# Who's got Elecsol battery?



## Telbell (May 1, 2005)

I Have

According to this link (scroll to last Post)
http://www.outandaboutlive.co.uk/forums/Motorhomes/Motorhome-Matters/ELECSOL-BATTERY/31742/

they've "gone"

Can anyone confirm/enlighten/elucidate ?


----------



## Techno100 (May 8, 2010)

Yes gone


----------



## Telbell (May 1, 2005)

Thanks Andy. Do you reckon if they were bought from a retailer, that retailer will honour any Warranty? (Sale of Goods Act and all that)


----------



## Stanner (Aug 17, 2006)

Telbell said:


> (Sale of Goods Act and all that)


If whoever you bought it from has gone so have your rights under the Sale of Goods Act, as your contract was with the departed and no one else.


----------



## Techno100 (May 8, 2010)

Yes as above. seller is only responsible for 12 months, further warranty was from Elecsol
I have 2 myself with 7 yr warranty but K sarasara


----------



## inkey-2008 (May 24, 2008)

It's a wonder they stayed in business so long, they were so rude and would not open letters etc. 

Andy


----------



## premiermotorhomes (Feb 13, 2008)

Good evening Telbell, 

The five year warranty offered by Elecsol was not a guarantee of longevity, its purpose was to cover you against manufacturing defects causing failure which is the same warranty all other battery manufacturers offer irrespective of years offered; the five year warranty was more of a marketing tool than a tangible benefit. This extended warranty was only valid directly with Elecsol directly provided the warranty card was completed and submitted to them with proof of purchase however your statutory rights remain of course should you wish to pursue this with the retailer.

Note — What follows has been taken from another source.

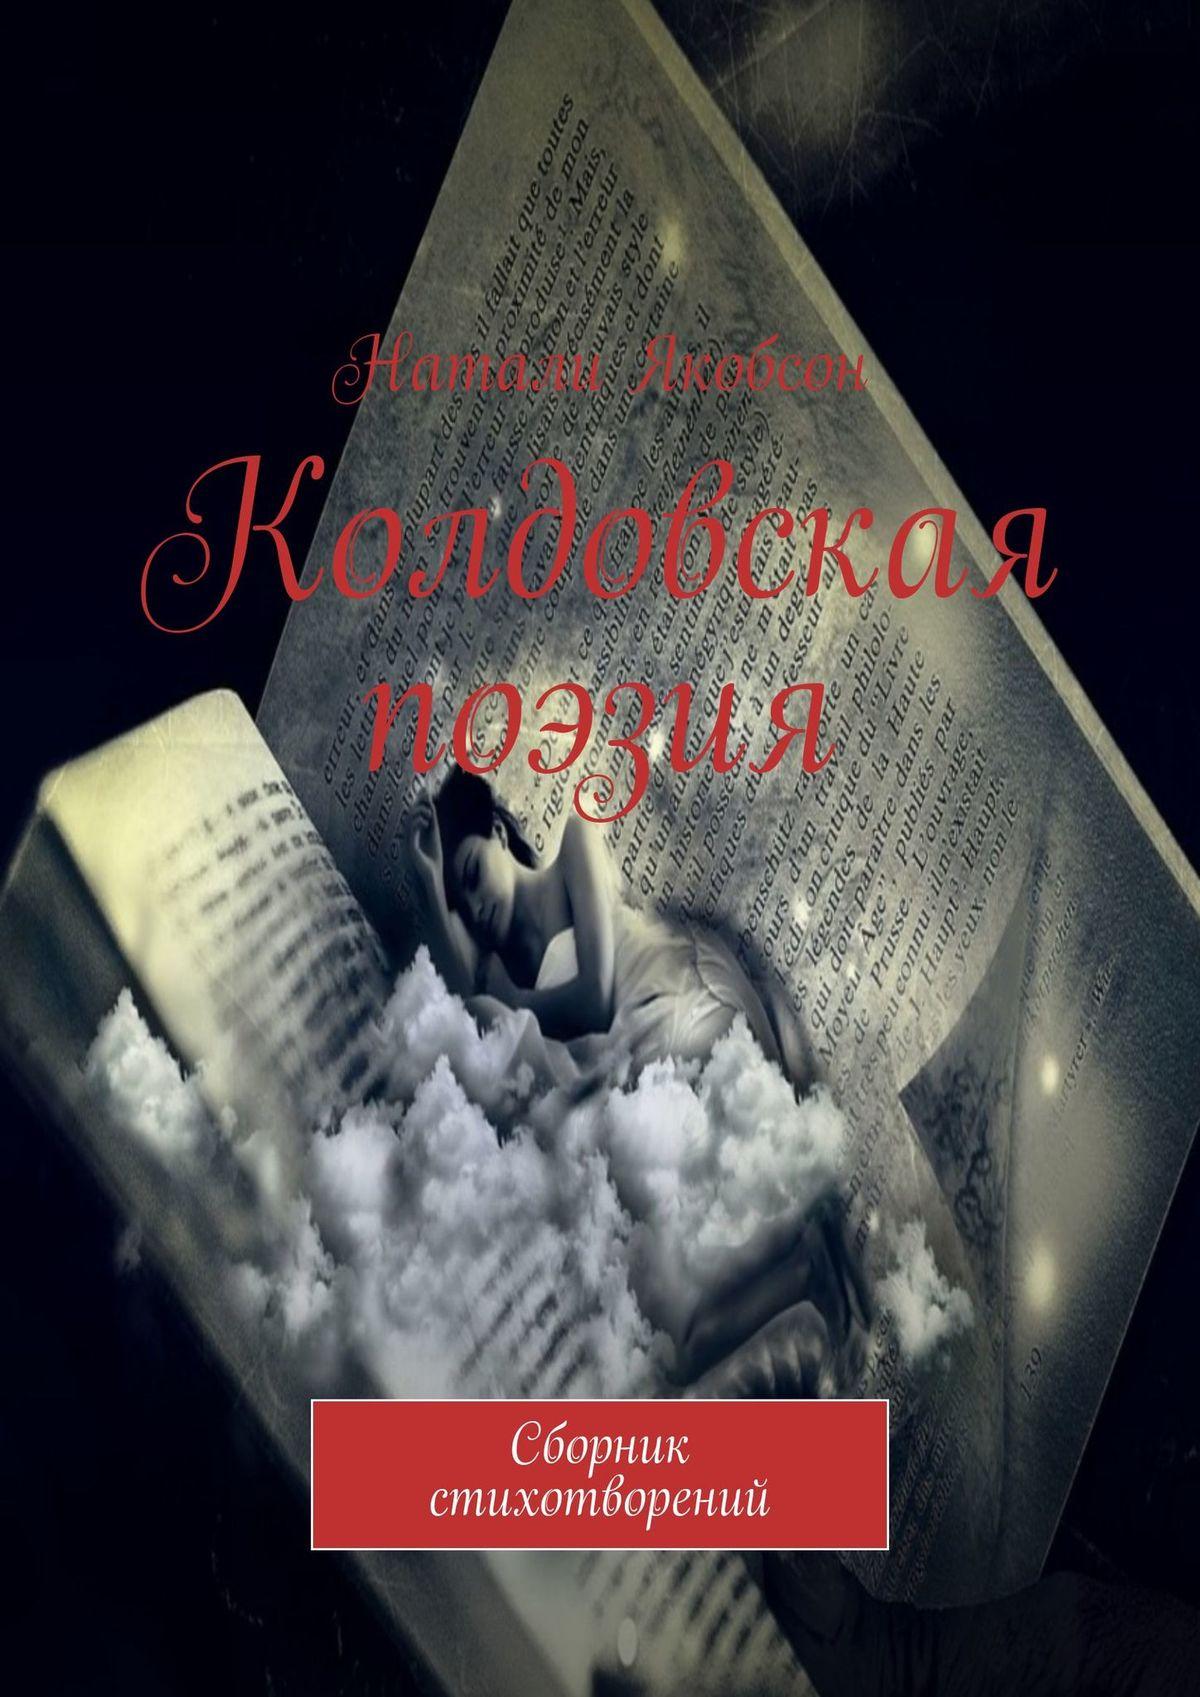 все цены на Натали Якобсон Колдовская поэзия. Сборник стихотворений онлайн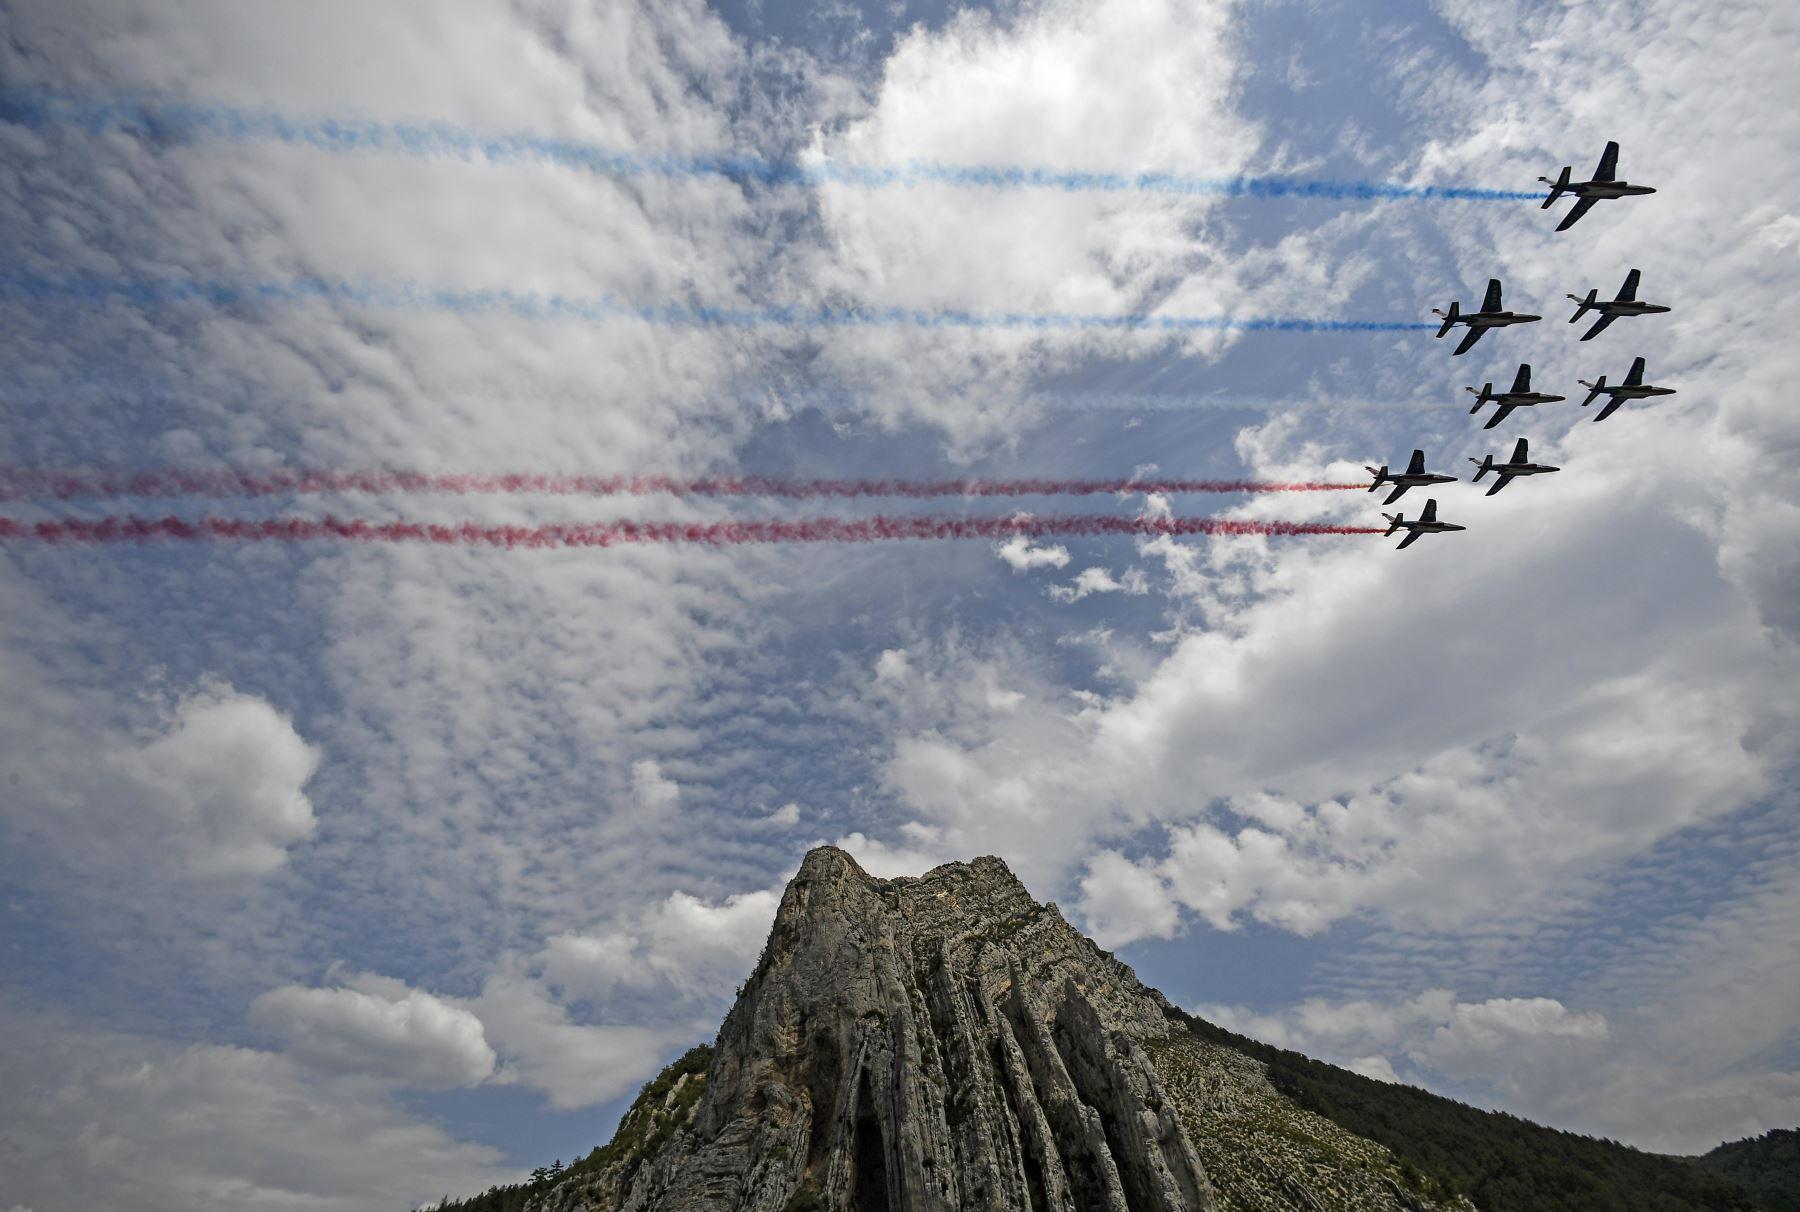 Los AlphaJet francés vuelan sobre el Rocher de la Baume en Francia. Foto: AFP

It is more likely, although not a given that external factors are more likely to cause failure; care and maintenance with a charging regime are very important with all batteries to maximise life and performance.

Possible causes of failure which could contribute to failure but would not be a direct fault of the battery are;

Overcharging
Faulty charger
Faulty solar regulator
Running the battery flat through use
Leaving the battery to run flat
Not topping up the cells on a maintanence battery
Exceeding the cyclic charge/discharge life
Incorrect battery choice, i.e. using high current products which are beyond the batteries design specification

To determine what caused a battery to fail requires it to be thoroughly tested, equipment many retailers don't carry due to its very high value but we can call on our battery supplier Manbat to test for us for example.

What are the symptoms that have led you to believe your battery is faulty?

Regards,
Chris


----------



## Stanner (Aug 17, 2006)

Techno100 said:


> seller is only responsible for 12 months,


SoGA says "up to 6 years" :wink:


----------



## premiermotorhomes (Feb 13, 2008)

Good evening,

Stanner is right with his comments, and as he clearly indicates this is 'up to' 6 years not 6 years and additionally within 6 months its the sellers responsibility to prove fault, outside of six months the onus is on the buyer.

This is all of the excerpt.